Drunk, as usual.

Apr 24, 2010 22:54

[stiletto clicks in background, lazy dictation]

Ever notice that the rooms tend to fill from the bottom up? The lower the floor, the more likely you are to get a neighbour. Hell, I used to be on the second floor -- as soon as there was a vacancy, there'd be someone new there.

Ever think about how many people have used your room before you? It makes Paradisa seem like even more of a hotel. Who was in your room last? Did someone die in there? Did some couple fuck? How many times did someone bawl like a fucking baby in that room?

Some of you are probably living in the former place of some depraved lunatic. Here's looking at you, 203.

Or how about you, 914? I know at least a few have been rubbed out in your room, most of them pathetically, with no self-restraint.

Sixth floor -- you used to be a fucking disaster zone of evil. Now you're mediocre, like reheated rice. Tastes good, but the thrill is gone. (That doesn't even make any fucking sense.) Look at these names -- Zachary Zatanna? You ever get beat up in school for that one? Ash Ketchum? Ketchum? Seriously? Why Bourne? Lame.

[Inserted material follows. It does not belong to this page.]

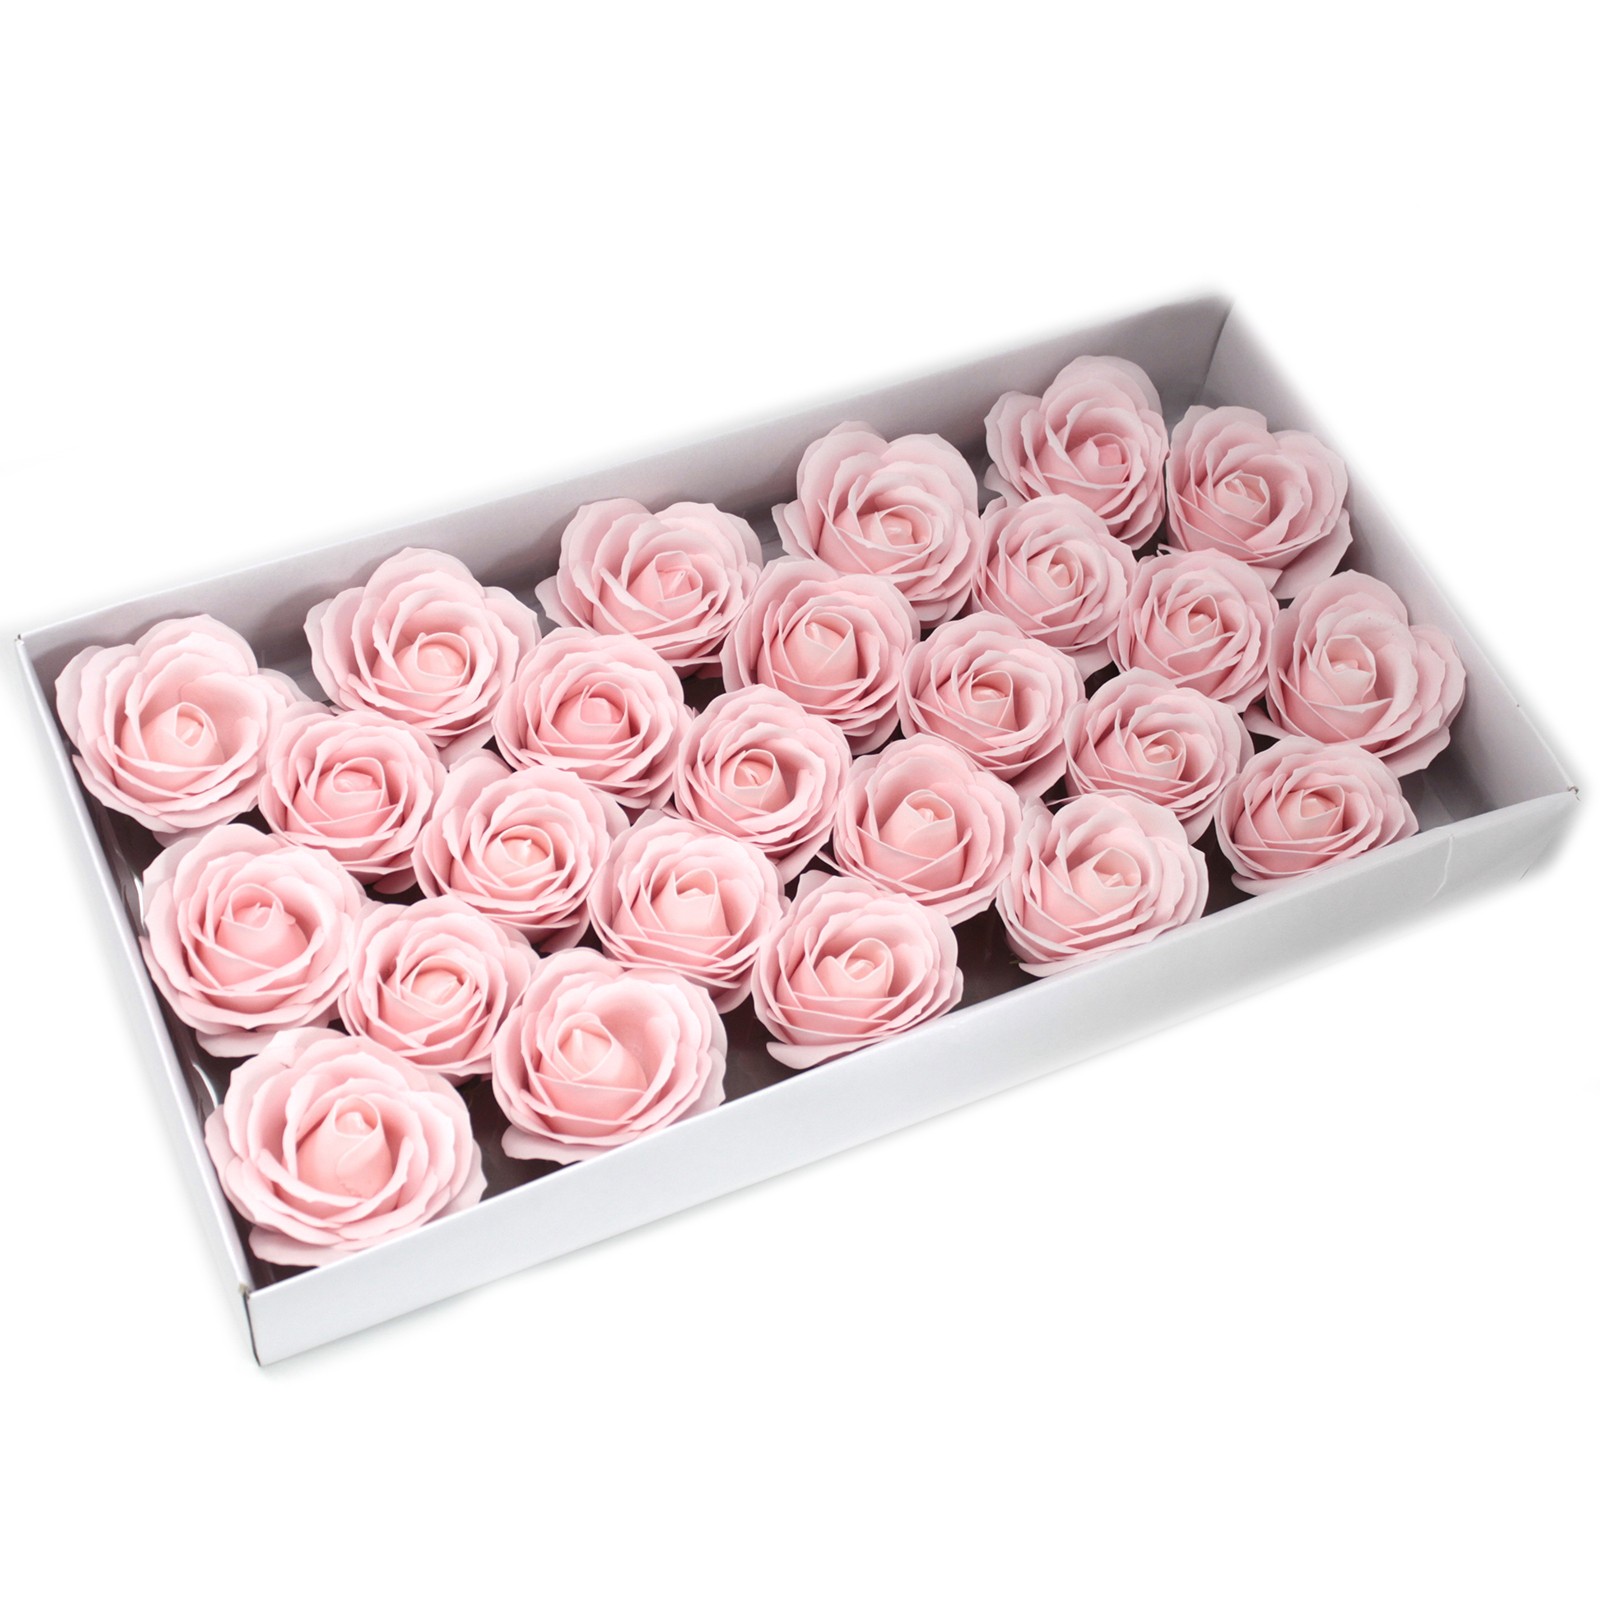 Craft Soap Flowers - Lrg Rose - Pink

And hey, look, up on seventh -- the Joker, across the hall from Wally West, who, by the way, is the first person you wanna call if you're looking for some action. Scher-- fuck, I can't even pronounce that. The fucking POPE -- no fucking idea WHICH Pope that is, but you've got the Pope and a bunch of Japanese kids and creeps with names like Guts or Exile or Seven. The Exile is my wife, by the way. Barney, what the fuck is with your floor?

Everyone here has a boring American name or a Japanese name. Everyone else is adjectives or code names. Shitty code names, Shinobu. Shitty code names.

Why is no one here named Steve? It's a good American name.